MONTANAN@EVALUN11.BITNET (Rogelio Montanyana) (02/07/90)
Dear colleagues: We have a 3090 that is actively being used by a very wide community of people in our University. As System Manager I am responsible of providing a fair share of computing resources to all of them. We are experiencing a big problem because we have some number crunchers that would use as much CPU power as they can access, and as far as I know there is no way in VM/XA SP2 to limit the maximum CPU time for an interactive user. In an attemt to avoid the typical situation where every user executes his/her program interactively (being Disconnected) instead of using the batch queues, we have modified the priorities (SHARE parameter in XA) in order to make batch executions faster than interactive ones. This solution has the undesired side effect of effectively reducing the performance for users that actually do interactive work (short executions, compilations, for instance). I have been thinking about writing a REXX program that would run in a disconnected service machine, and whose main task would be to have a look at the system from time to time (every three minutes, for example); that program would follow (using the CP INDICATE QUEUE command) those CPU bound users, and would reduce their SHARE progressively; of course, certain users (i.e., batch machines) would be excluded from the process. Because I do not want to reinvent the wheel, I first want to ask if anybody has already written something similar. I would also be very glad to accept comment and suggestions from other people. Thanks to everybody, Rogelio Montanana System Manager Valencia University BITNET: MONTANAN at EVALUN11
RWWMAINT@MSU.BITNET (Rich Wiggins) (02/07/90)
> >I have been thinking about writing a REXX program that would run in a >disconnected service machine, and whose main task would be to have a look >at the system from time to time (every three minutes, for example); that >program would follow (using the CP INDICATE QUEUE command) those CPU bound >users, and would reduce their SHARE progressively; of course, certain users >(i.e., batch machines) would be excluded from the process. > >Because I do not want to reinvent the wheel, I first want to ask if anybody >has already written something similar. I would also be very glad to >accept comment and suggestions from other people. We have exactly the same sort of diverse mix, and exactly the same problem you detail: If our CPU crunchers would run via batch only, our load would be quite manageable, even though we run at 100% CPU utilization most of the time. Since they don't, I've implemented a simple little Rexx tool to do exactly what you propose. It's called QSCAN. It scans through IND POS lists to find people who seem to be getting lots of Q3 time, and slowly degrades their priority, eventually to be worse than that of the batch workers. This works fairly well. It cuts way down on the amount of CPU delivered to interactive crunchers. However, some folks don't get the hint, and on a busy day even the degraded crunchers have an impact. We did this under HPO 4.2. I'll be glad to send the exec along, especially if I get an XA-SP version back in return! /Rich Wiggins Computer Lab Michigan State U
CMS2@ETSU.BITNET (Bill Williams) (02/08/90)

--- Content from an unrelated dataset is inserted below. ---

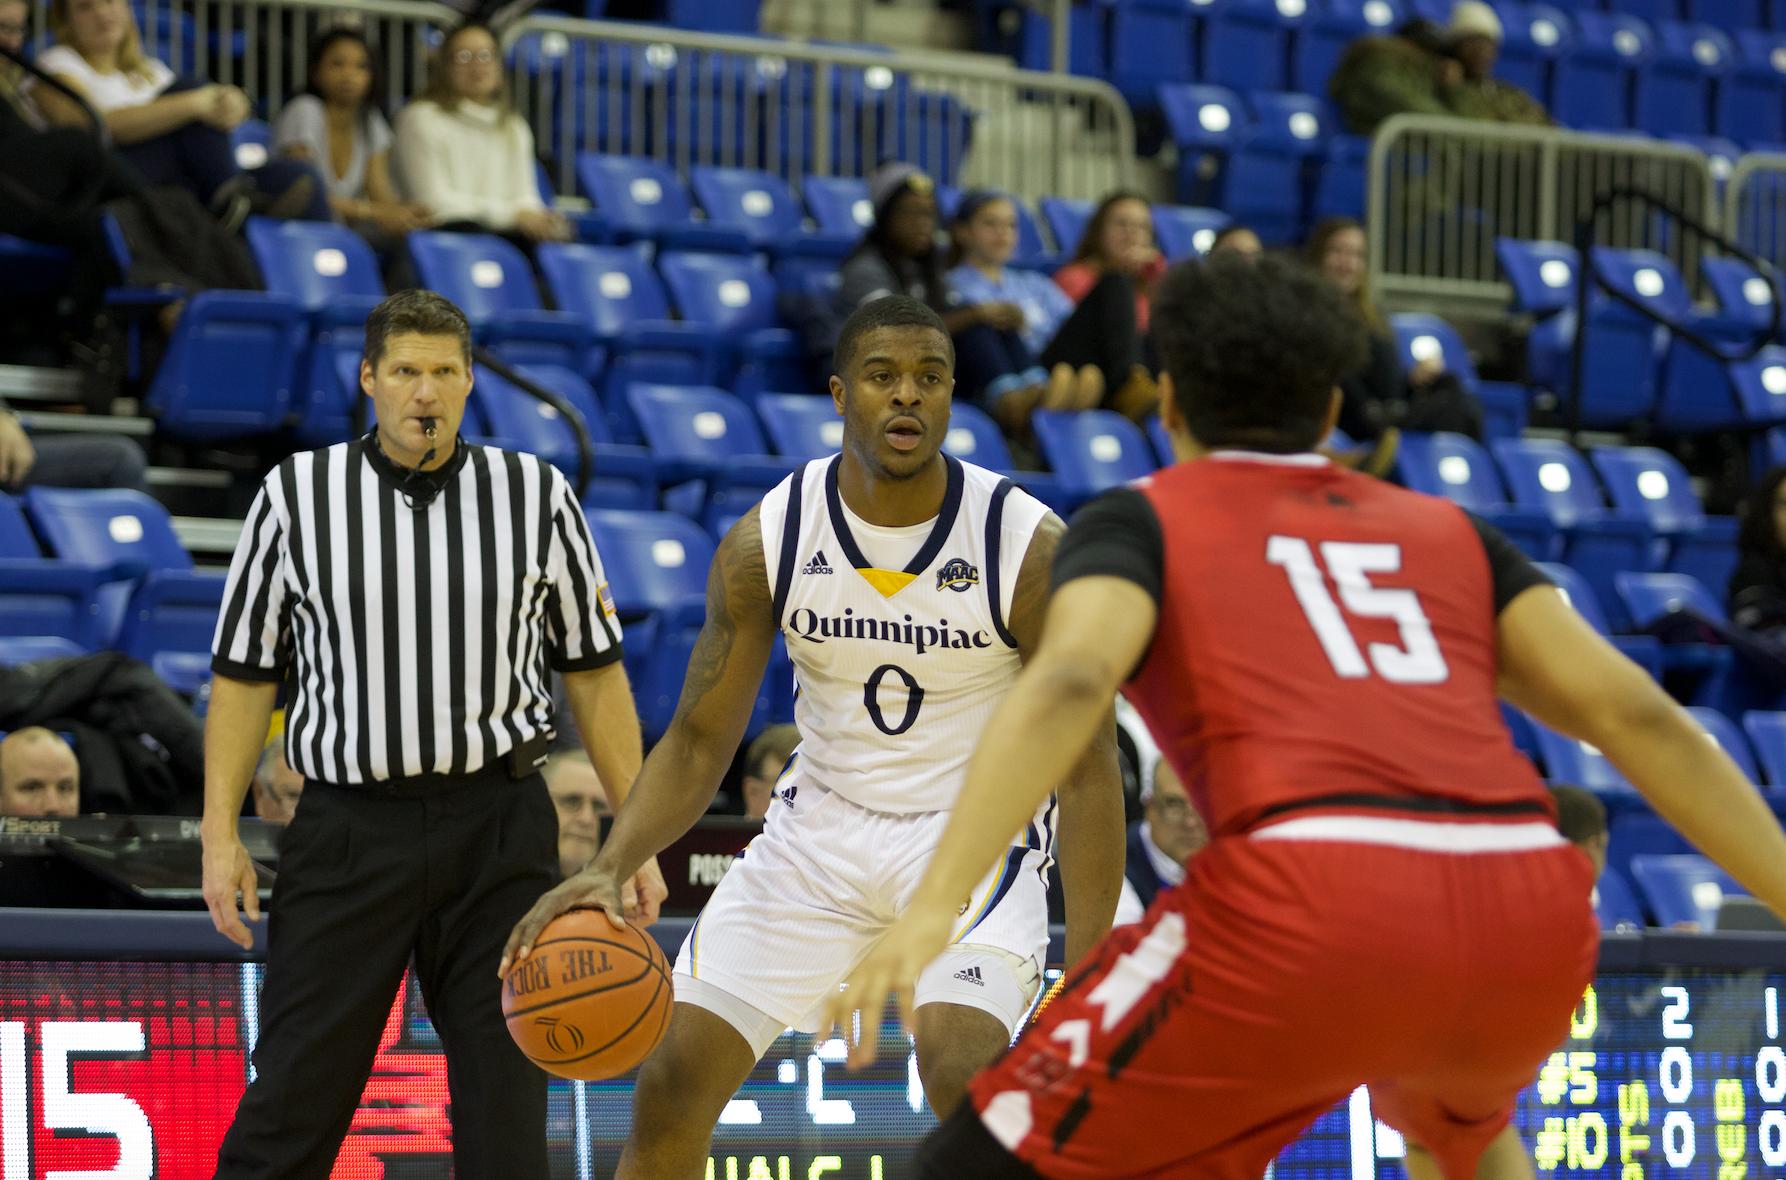 Quinnipiac men's basketball drops home opener to Hartford, 68-54

Just out of curiosity has/does anybody use SCI's VMMONITOR under VM/XA to control user resource consumption -- CPU, SIO, etc.? If so, how's it working out? Do you like it? Any big problems? Comments? ---------- B.R.Wms
BOEHEIM@SLACVM.BITNET (Chuck Boeheim) (02/08/90)

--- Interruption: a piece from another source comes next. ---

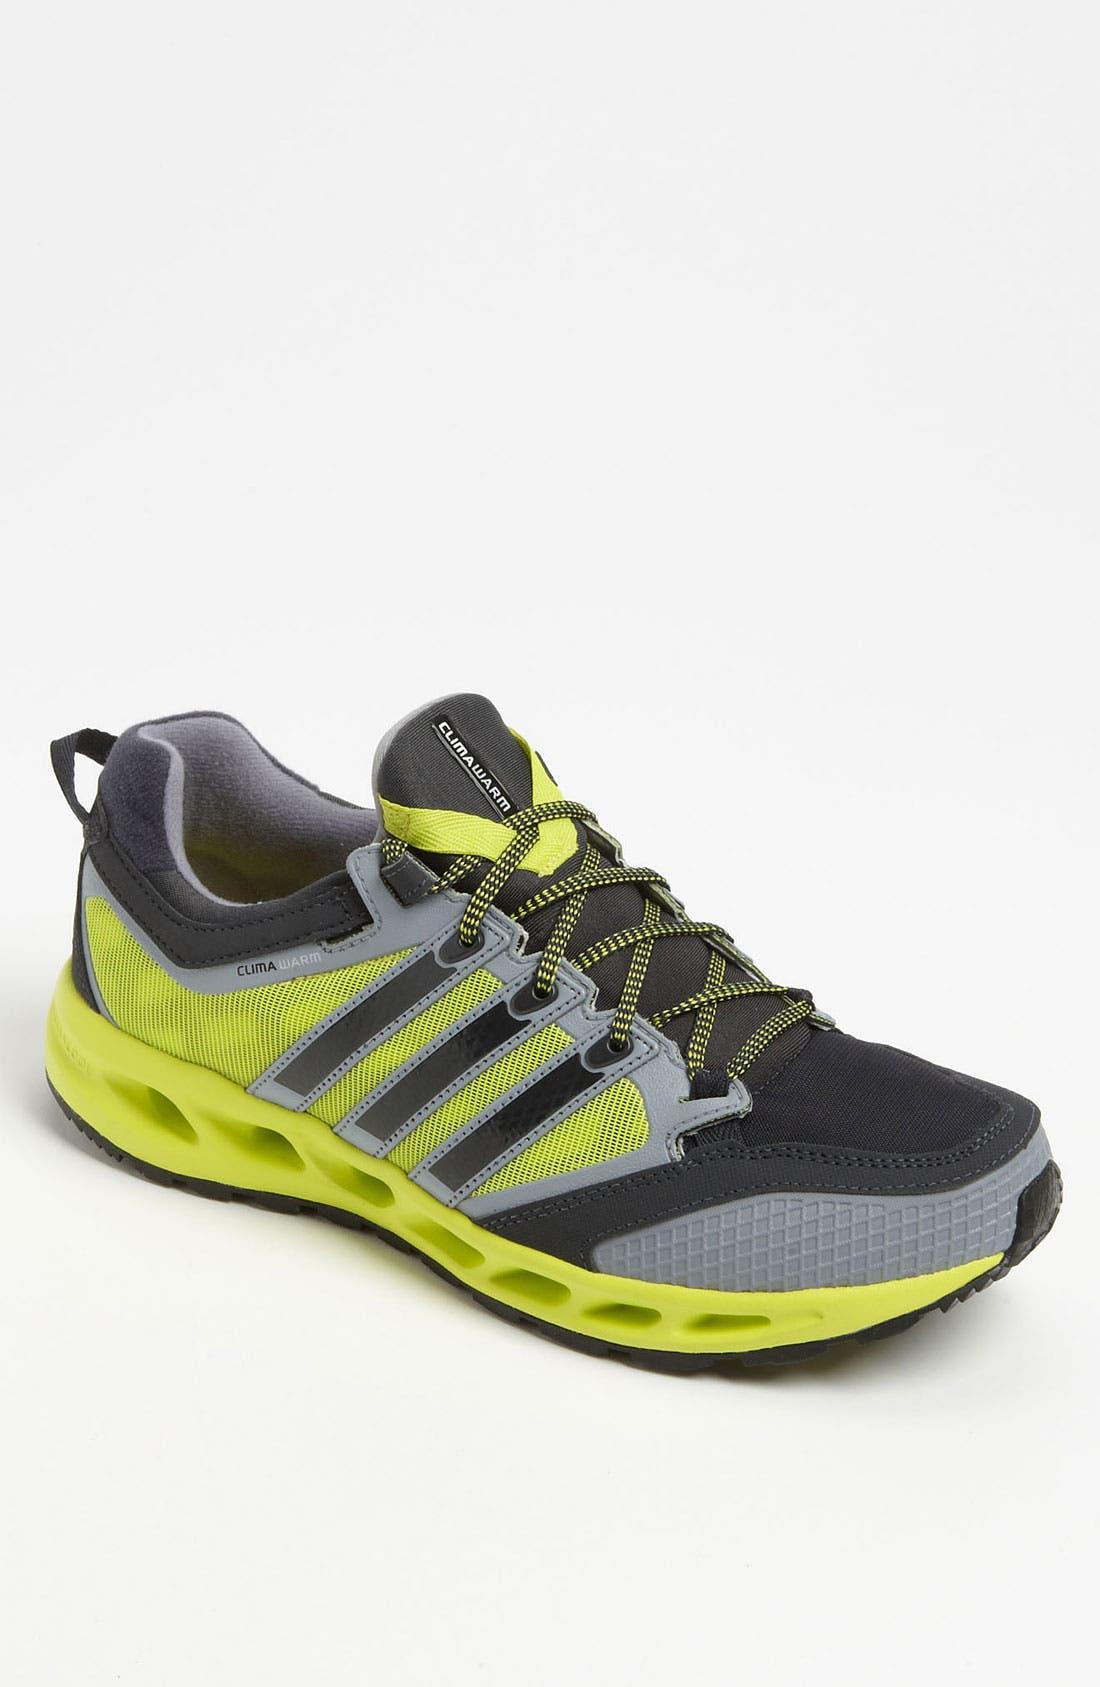 Alternate Image 1 Selected - adidas 'Tempest' Running Shoe (Men)

REPLY TO 02/06/90 18:30 FROM MONTANAN@EVALUN11.BITNET "Rogelio Montanyana": Looking a way to limit interactive CPU utilization We have such a system in place at SLAC. It's more than a single exec, and not at all documented, but you can probably understand it from reading the execs in fairly short order. It uses monitor data from RTM/SMART, and so would only be of use to you if you have that product. The execs find out from SMART which users have exceeded a threshold of CPU use averaged over an interval. We use 10% over 10 minutes with fairly good results. This tends to allow people to have quick spikes of activity without penalty and only get the ones that crunch for a while. Under HPO it changes the user's priority from our standard of 50 to 99. Under XA it sets their relative SHARE from 100 to 5. If they're good in the next interval, it sets it back. It also has an exclusion list, a notification list, and logging. If you would like this, AS IS, send me mail at BOEHEIM at SLACVM. -Chuck Boeheim
Z00NER01@AWIUNI11.BITNET (Ernst Neuwirth) (02/08/90)
Dear Mr. Montanyana, we have written a REXX-Program that does the following: it does an INDICATE QUEUE every 10 seconds and sets the relative share of *normal* users depending on the (real)time since the start of the transaction. For the first 4 minutes of real time a user gets 100 relative share, then 80, 60, 50, etc. After more than 300 minutes the relative share will be 1. Users in Q1 and Q2 get relative share 100. We use this in production since about April 1989 and it has worked fine in moving all long production work to the batch system. Batch machines have a relative share of 50, so they do not normally influence interactive work. Ernst Neuwirth, University of Vienna Computer Center.